Judge Bracha Ofir-Tom referred at length to the corruption issues in Hirschson’s verdict and expressed surprise that “the same image of a good man and benefactor could turn into the image of someone who steals public funds together with his subordinates to support “the good life” he and they have become accustomed to as a lifestyle. Was it just drunken power that changed the accused’s view of the the world? Or was it unlimited greed combined with the atmosphere of neglect that took over the organization whose actions no one any longer oversaw?”
At the comptroller’s office it is said that “today the Court clearly expressed the importance of the struggle against public corruption. The comptroller’s office, which has been spearheading the Hirschson scandal from its very first stages, will continue in the struggle against public corruption, and for morality in the country, not excluding those at the top of the pyramid and including all enforcement officials. The comptroller’s office has proclaimed its views more than once, that only a process of proper investigation, followed by legal trial and severe punishment – all immediately following commitment of the crime – will help to cleanse society from the corruption that has affected it.
Retired judge Dalia Dorner is satisfied by “the appropriate legal rulings”, and believes that “they deserve retribution, not in terms of revenge, but in terms of public denunciation of acts of this kind. Fraud and theft have been with us from biblical times, but when it involves public figures, the punishment should be severe. Denunciation is most important and therefore you must take into account that a light punishment may suggest that the crime wasn’t really that bad. God help us if we broadcast that kind of message”.
In the Hirschson case, prosecution demanded a sentence of at least 7 years incarceration for the Treasury minister, who was convicted of stealing milllions, but the judge ruled a lesser sentence. The State has not yet announced whether or not it will appeal. However, then senior prosecutor in the Tel Aviv District Attorney’s office, Adv. Miriam Rosenthal, claims that that are good reasons for this: “He did not express his regret, and the difference between his sentence and the others’ is too slight,” she stated to Ynet.
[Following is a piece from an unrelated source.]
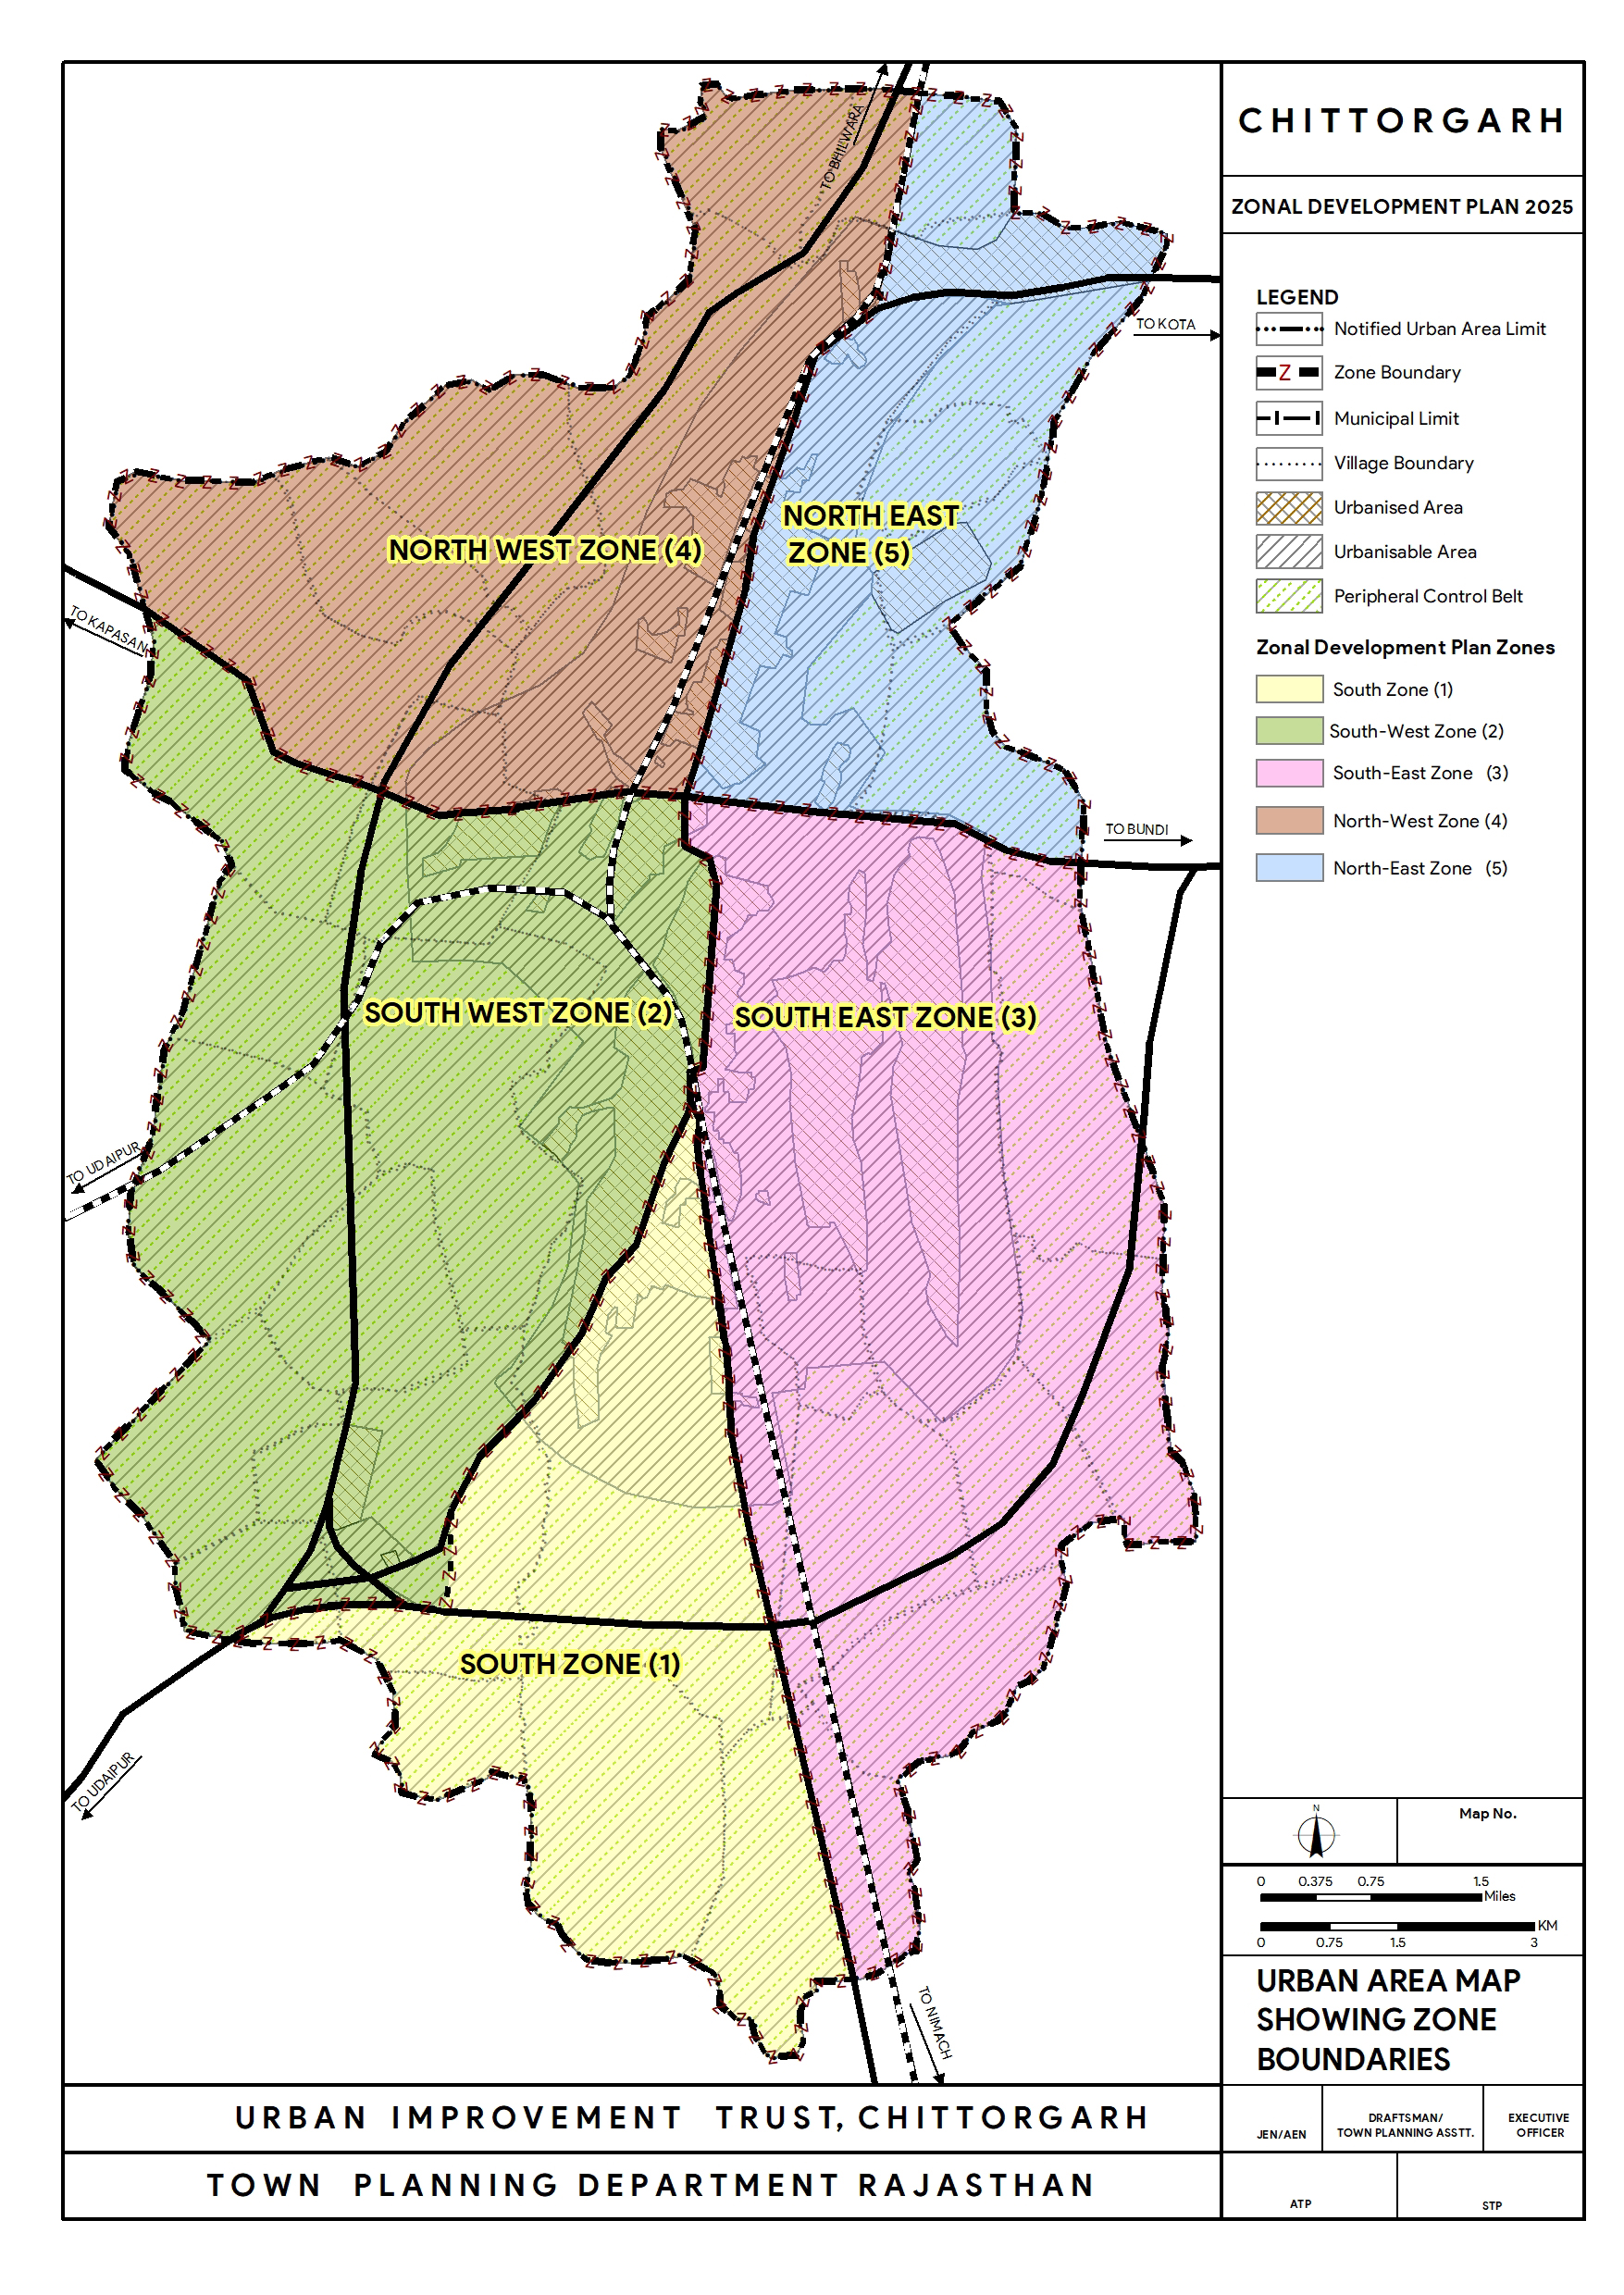 urban area map showing zone boundaries in chittorgarh

“The District Court gave heavy consideration to Hirschonson’s personal circumstances,” Rosenthal added. “The punishment is fairly lenient, particularly when the other defendants, who confessed in a plea bargaining and did not waste the Court’s time – and did not spend the funds as Hirschson did, received sentences of up to five years. An extra six months is a light addition.”
When he harshened Ben Izri’s sentence, one of the Supreme Court Judges, Edmond Levy, wrote: “The rising corruption among Israeli governing authorities necessitates the action of setting a higher price…to cope with this affliction and to deter others. Words of admonishment are no longer enough. It’s time to take action.”
Adv. Rosenthal agrees that the punishment in the Ben Izri case is meant to deter – as punishments up to now have not been sufficent. “Ben Izri is not a victim,” she stresses. Despite this, there wasn’t enough in Hirschson’s conviction to get a message across.
And what’s next? Rosenthal sees a link between the two cases only in their involving two public figures who have transgressed – because their crimes are different. Ben Izri accepted a bribe; Hirschson stole. “In my opinion, the prosecution will not link these two cases. If they appeal, it will be due to the comparison between those charged and convicted in a plea bargaining and a man who was convicted after he denied the charges and went through with a trial”.